Last night the boys and I picked all the green beans that grew too large and tough to eat whole, then I spent an hour sliding my thumbnail along their seam and plucking out the seeds. These are much like the dried beans you can buy at the grocery store, but softer and better tasting. They can be sautéed in olive oil for succotash, added to soups, mixed into stir-frys.
In just a few short weeks I’ve gone from contemplating the beauty of mythical TV ranches to finding a use for old string beans. Two months ago I fancied myself the Victoria Barkley of the north, striding through my range-riding life. Today I’m sitting on my front porch, big toes poking out of wool socks, shelling beans into a jar.
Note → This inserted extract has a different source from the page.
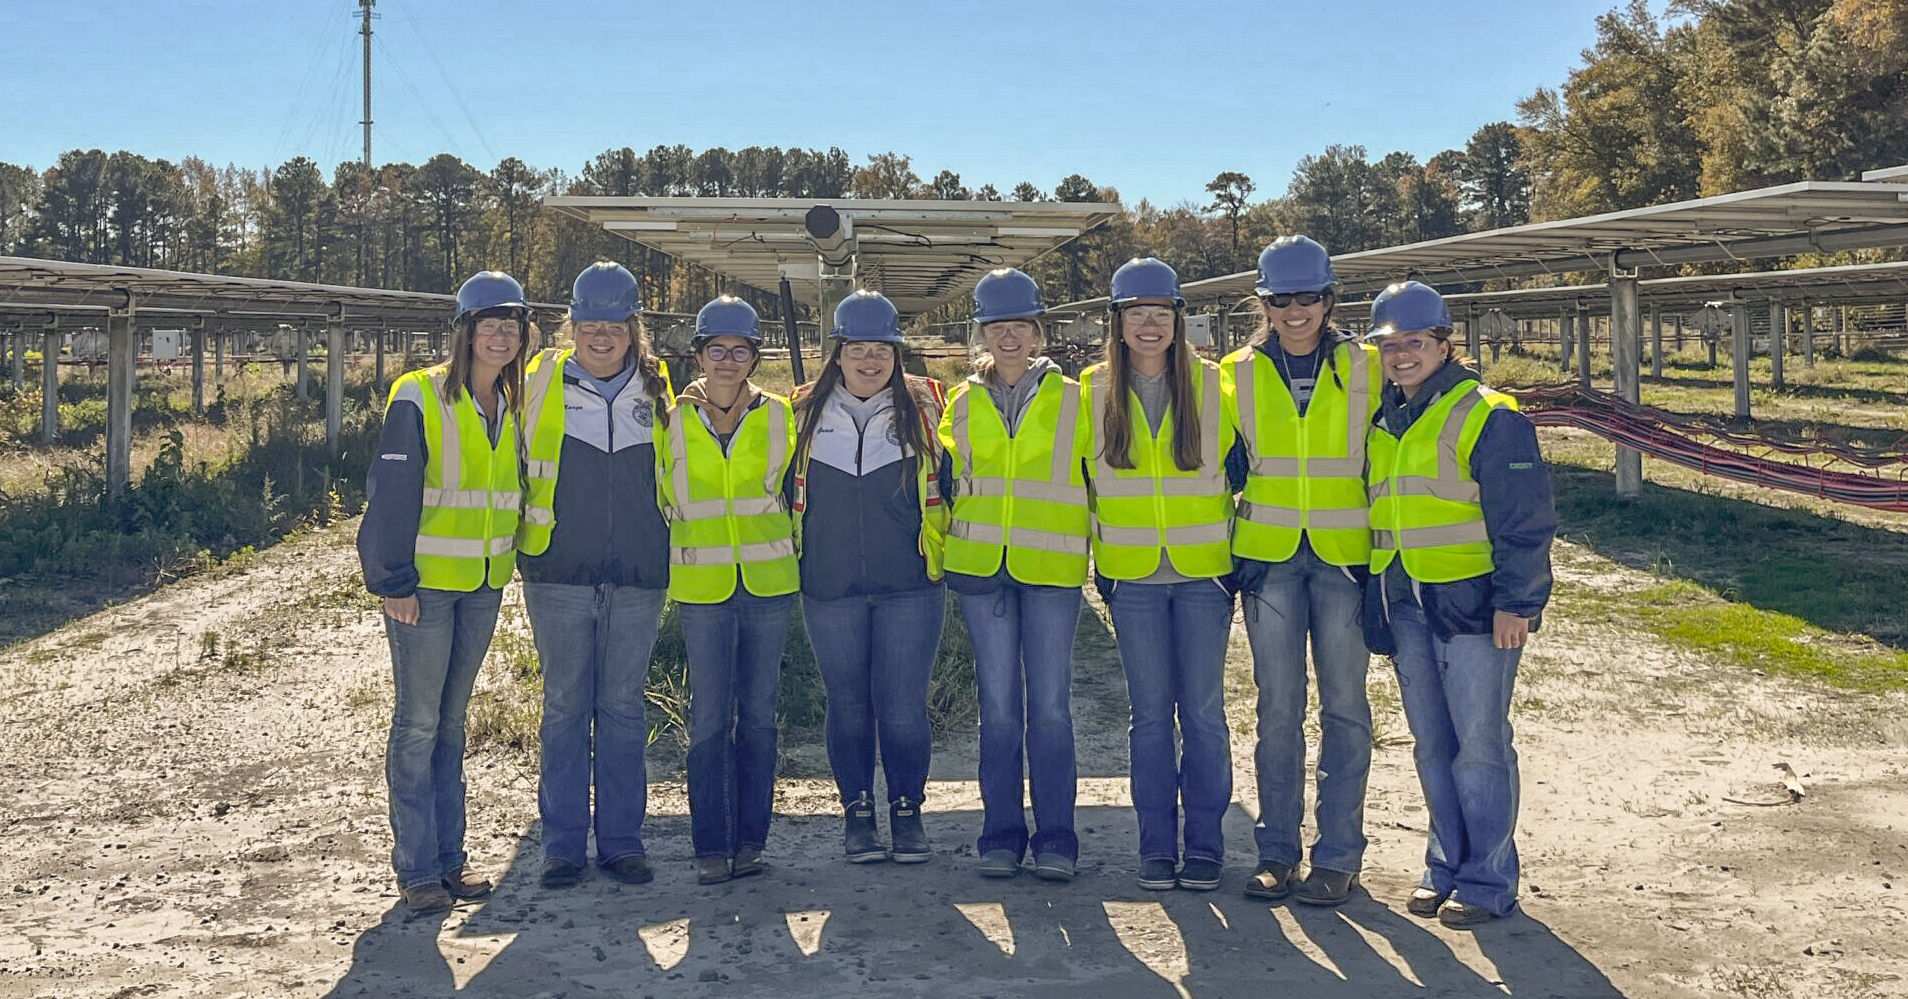 Eight female high school students wear hard hats and safety vests while smiling at the camera at a solar development site
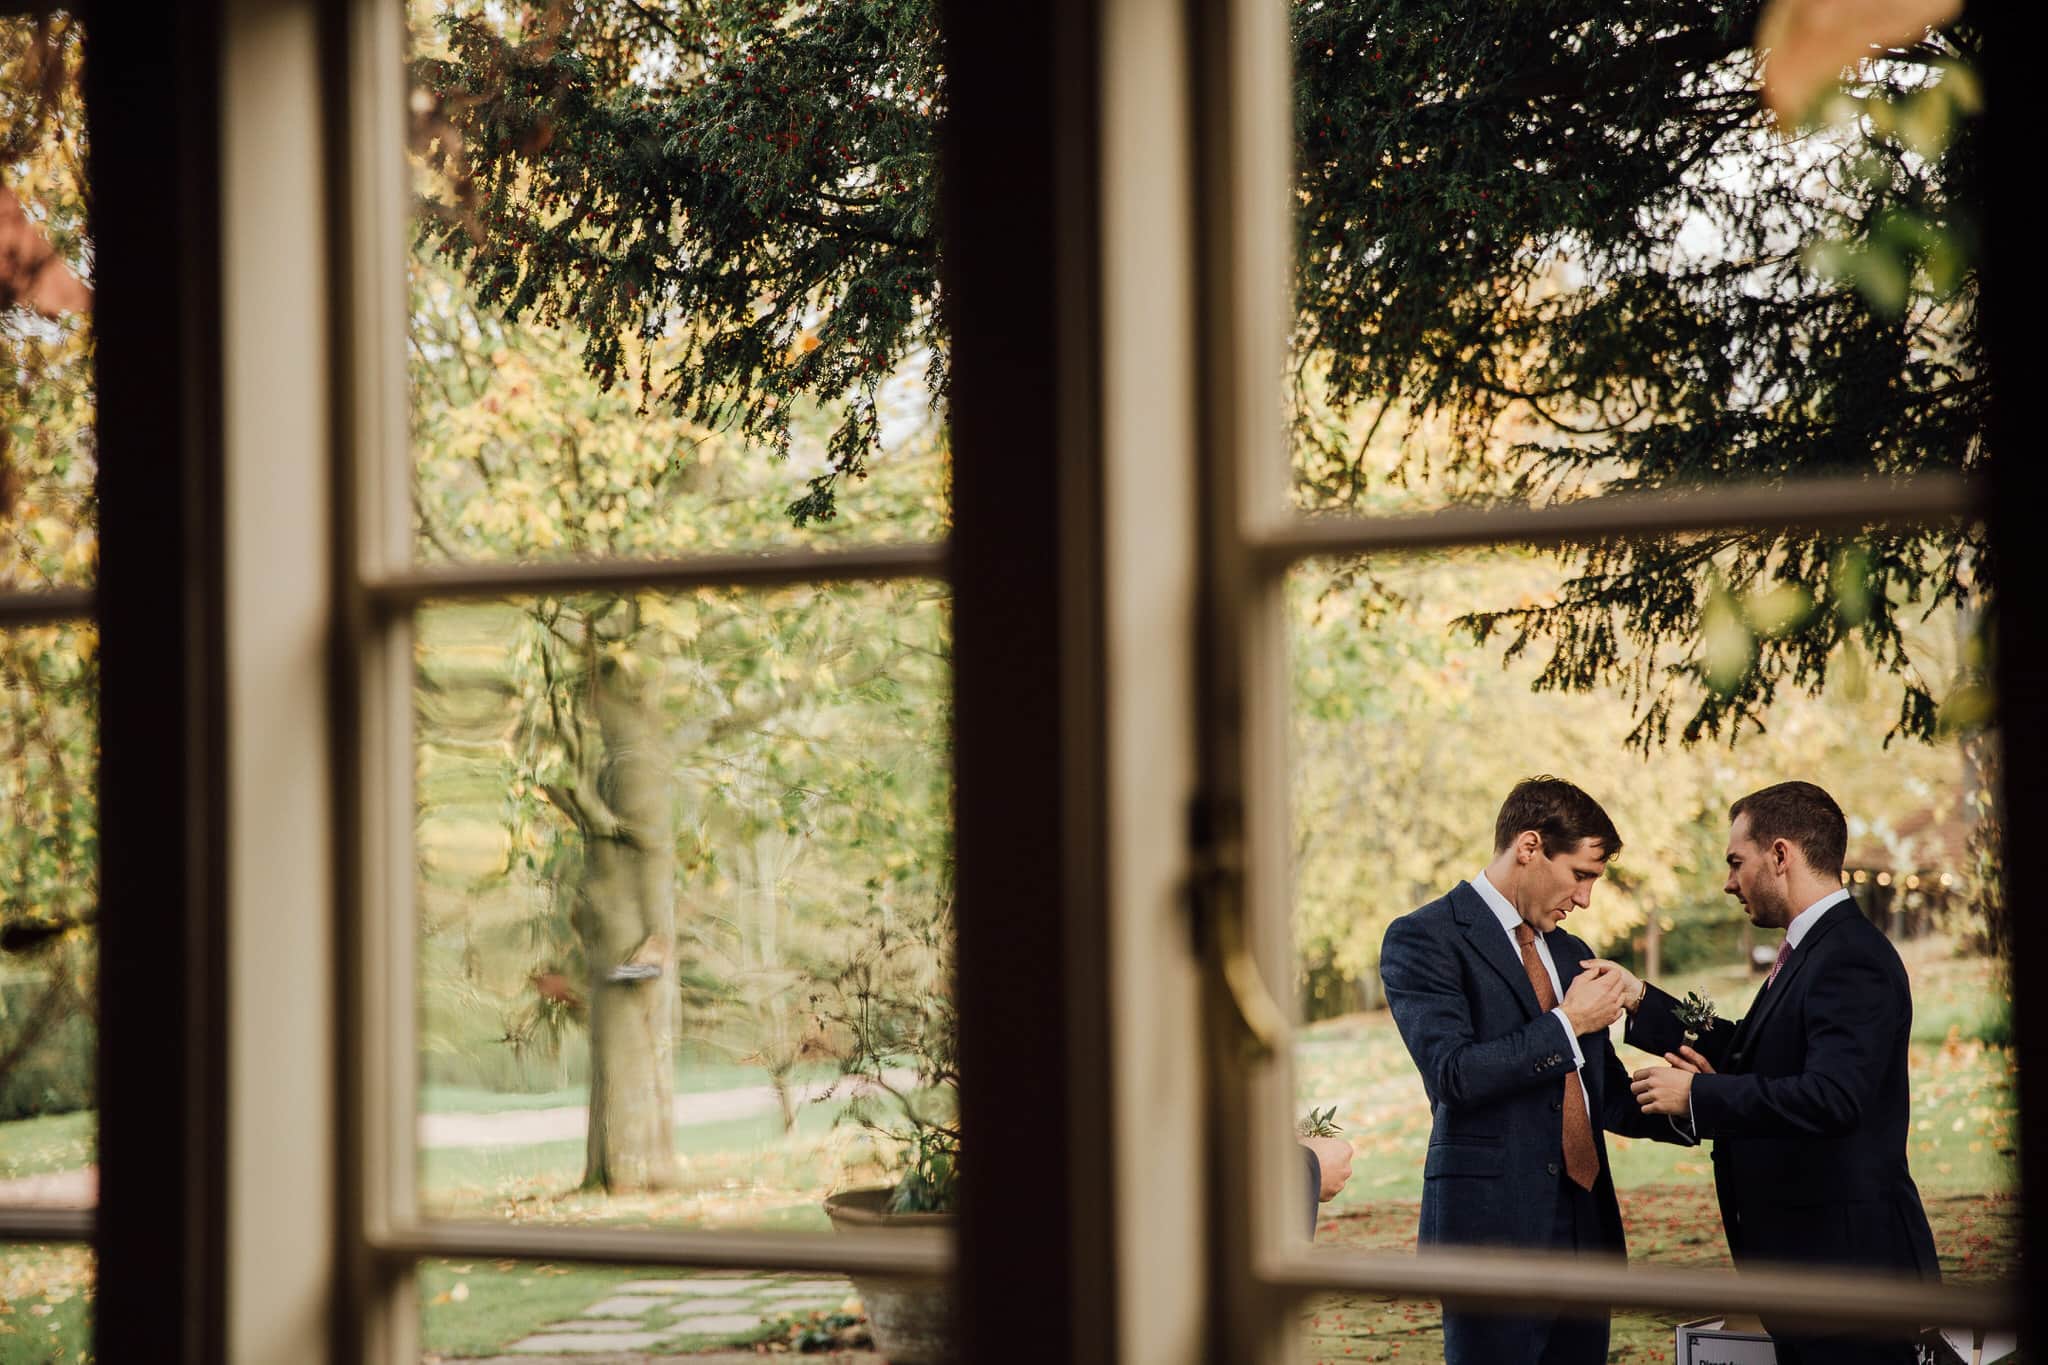 Groom framed in window putting on button hole

These changes happened so fast, it almost feels like time travel.
And this day speeds by too, just like the others before it, but at four o’clock Owen bursts in the door, the first one home from school, grinning wide, his face flushed with excitement.
“Aberration’s got a show!”
His band has been invited to play “a show,” he says, this very night. Usually when my sons use terms I don’t understand I just give a nod and hone my ears, sure that an understandable meaning will eventually make itself known without my having to reveal my unhipness. And although I gather from his body language that “a show” is something to take pride in, I don’t. Not yet, anyway.
“A show” sounds suspiciously like something public. I’ve been trying so hard to keep us within target range of normal that I really don’t want anyone to know that my oldest son, my pride and heir, not only
thinks that he is an aberration but aligns himself with a posse who share this worldview and even name their band in honor of it.
You’re supposed to feel like an aberration in your teenage years, I gently prompt, when they’re here practicing together in the Quonset hut. That’s the point. It’s normal, I assure them. If there’s anything at all abnormal about these boy musicians, it’s that for a high-school death-metal band, they are actually pretty good.
“What kind of a show?” I boldly ask Owen, who looks at me with what can only be pity.
When I was a teenager, going to a show meant going to see a movie at the movie theater. But in today’s teen parlance it means paying a cover charge to go into a basement, a parking lot, a VFW hall, or a farmer’s field to hear local bands play. And tonight, just a regular old Wednesday night with school tomorrow, Aberration has been booked to perform at one of these events for the first time.
Owen even pulls a homemade poster out of his backpack with the band’s name on it as proof.
“Will you drive us?” he asks. Not “Can I go, Mom?” because he knows me, and knows that letting him go, and letting him stay out late on a school night, won’t really be an issue for me where something as important to him as music is concerned. Because he is my oldest, and has plenty of experience to draw upon, he also knows that this is how I mother: it does not even occur to me to say no.
Even though according to the poster they don’t go on until 10 p.m., and even though that means they might not get to bed until 1 a.m., and even though Owen has to be at the bus stop by 6:35 tomorrow morning for school, and even though if I agree to drive them Luke and Will are going to be home all alone, and will have to put themselves to bed, it still does not occur to me to say no.
Which son has a better chance of encountering danger? The fifteen-year-old out with his friends onstage at a late-night, coed, teenage rock “show”? Or an eight-year-old and his middle brother, who just turned thirteen, home alone with two loyal dogs, a microwave oven, and homework?